从奴隶时期,到南北战争,再到吉姆·克劳法期间,三个别有含义的词广为流传,尤其是“浪荡女”这个称谓,将黑人女性描绘为对所有男性来者不拒的荡妇形象。“黑保姆”则被描述成体格庞大、毫无女性魅力的乳母形象,可以用戏谑的语气责怪白人主人,但实际社会地位并未提高,仍然需要无条件满足主人的需求。十九世纪晚期,一位名为南希·格林的女性被雇佣来扮演芝加哥世界博览会上的杰迈玛大婶,黑保姆从此成为一个公众人物形象。而诸如电影《乱世佳人》(1939)中由女演员哈蒂·麦克丹尼尔扮演的奶妈类角色,则进一步令此类形象深入人心。第三个词是“男人婆”,夸张描绘了讲话大声、粗鲁无礼、满腹怨言的黑人妇女形象,对比之下弱化了黑人男性的男子气概。密歇根菲利斯州立大学的社会学家大卫·皮尔格林认为,这类形象首次出现是在1928年的热门广播剧(后推出电视剧)《阿莫斯与安迪》中,由弗里曼·戈斯登和查尔斯·科雷尔两位白人演员创作而成。
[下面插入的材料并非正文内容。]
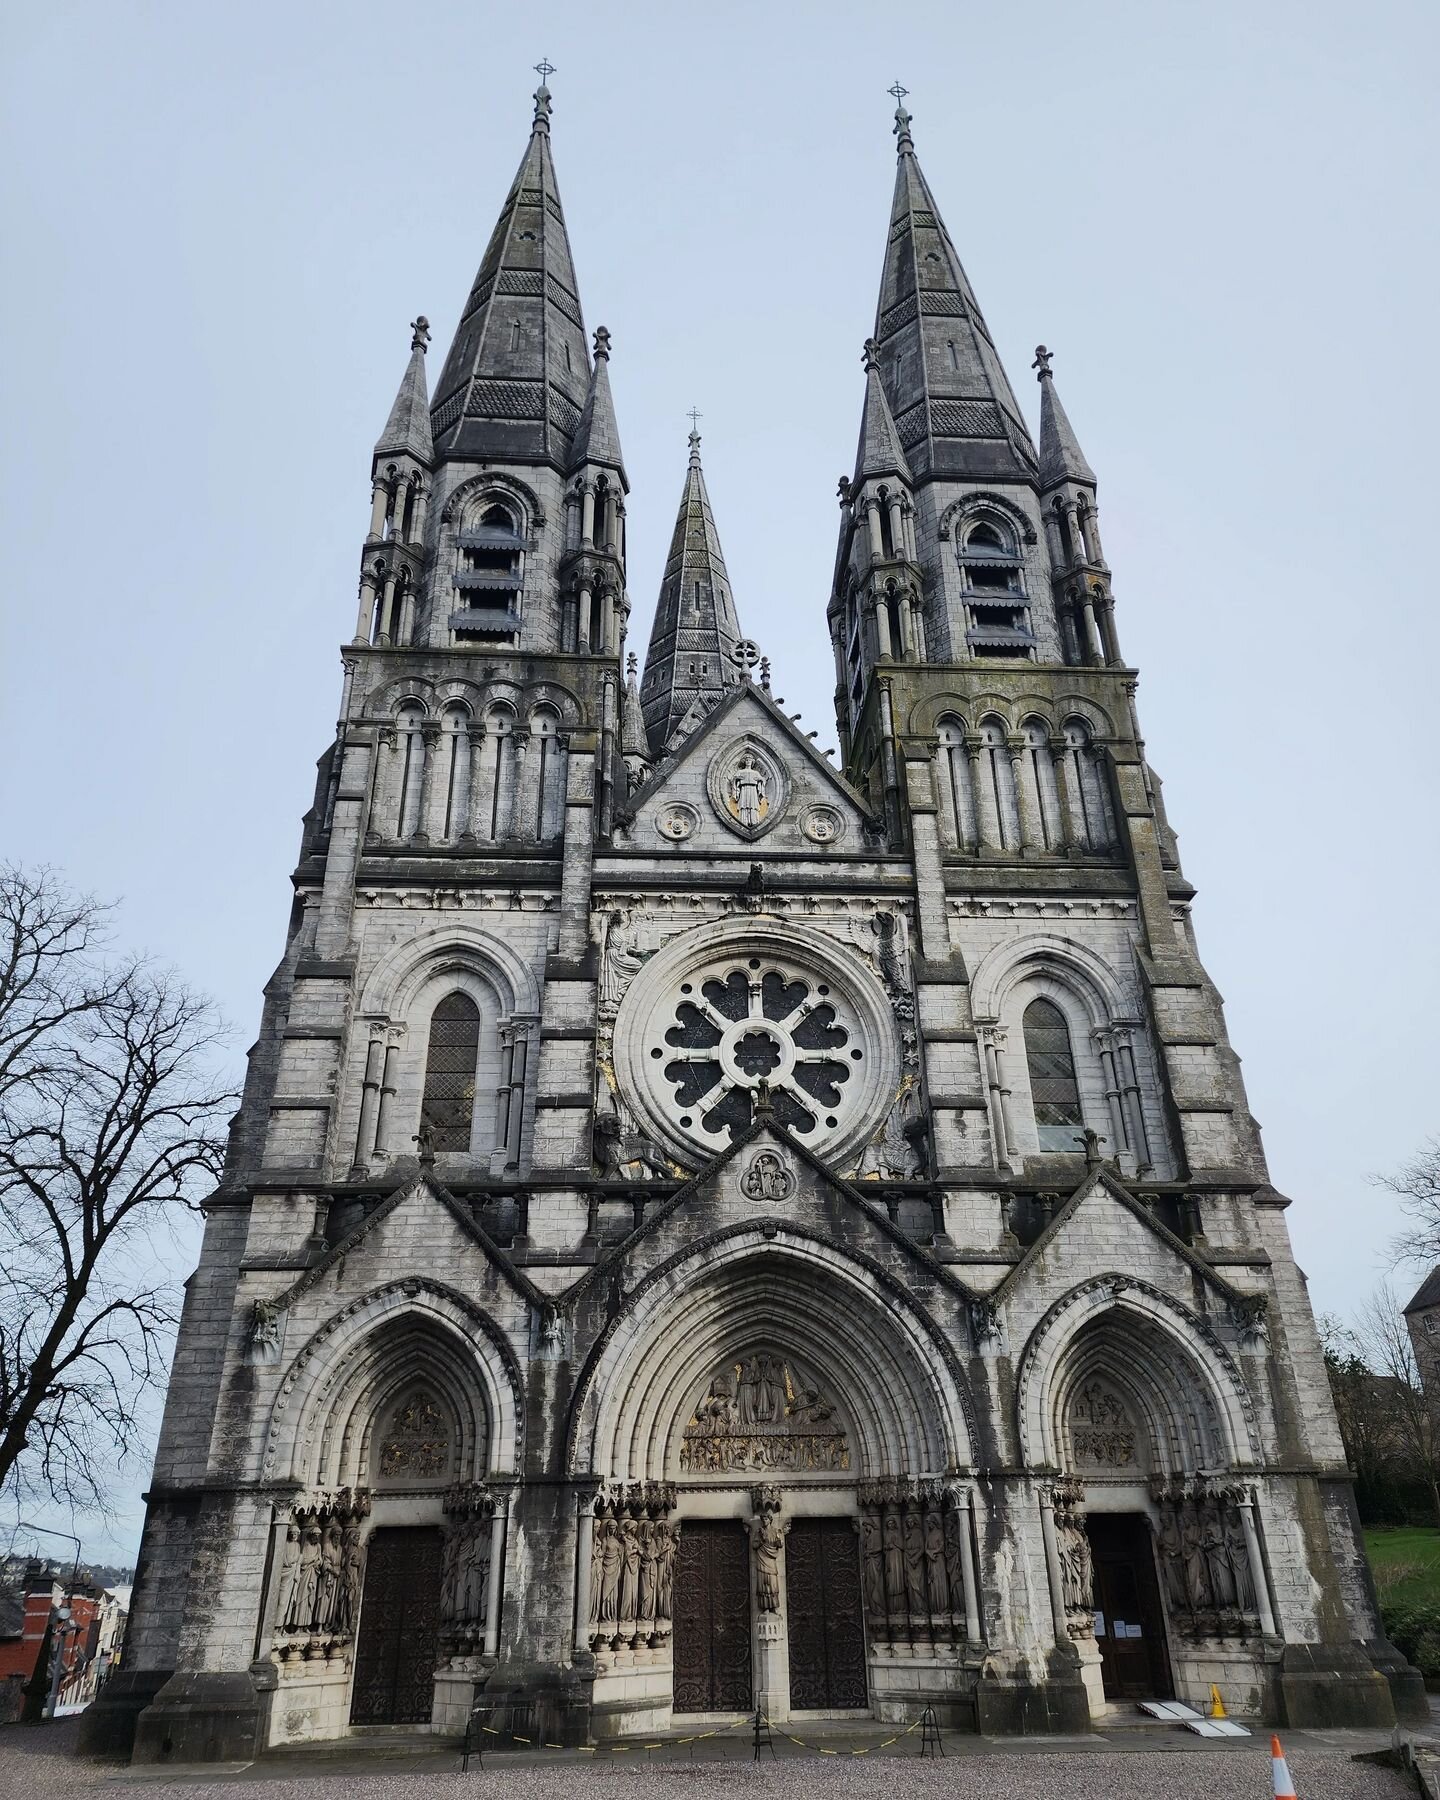 🍀 Delve into history and marvel at the beauty of St Fin Barre's Cathedral in the heart of Cork City, Ireland. This stunning landmark, steeped in culture, opens its doors every day from 9am to 5pm, ready to welcome curious visitors like you. There's

It takes more than a cultural movement to fully eradicate centuries of symbolic violence
单靠一场文化运动,无法彻底消除数百年来的符号暴力

As a black woman, there is no rung on the social stratification system, and no amount of wealth or fame, that can make one exempt from the possibility of being looked at through any one of these lenses. Even Michelle Obama, who so clearly and consistently challenged the norms of black female embodiment, had to endure insults aimed at her looks and behaviour while she was first lady of the US. At various points during her husband’s presidency, she was compared to a chimpanzee and a gorilla, and depicted as a sharp-tongued Sapphire.
作为黑人女性,我们既缺乏社会阶层的上升渠道,也没有财富与名誉的积累基础,根本无法逃脱这三种有色眼镜的审视。连美国前第一夫人米歇尔·奥巴马这样旗帜鲜明、坚持不懈地挑战黑人女性既定形象的杰出女性,都不得不忍受外界针对其长相、行为的侮辱。在奥巴马总统任职期间,她多次被比喻成猩猩,还被称为是尖酸刻薄的男人婆。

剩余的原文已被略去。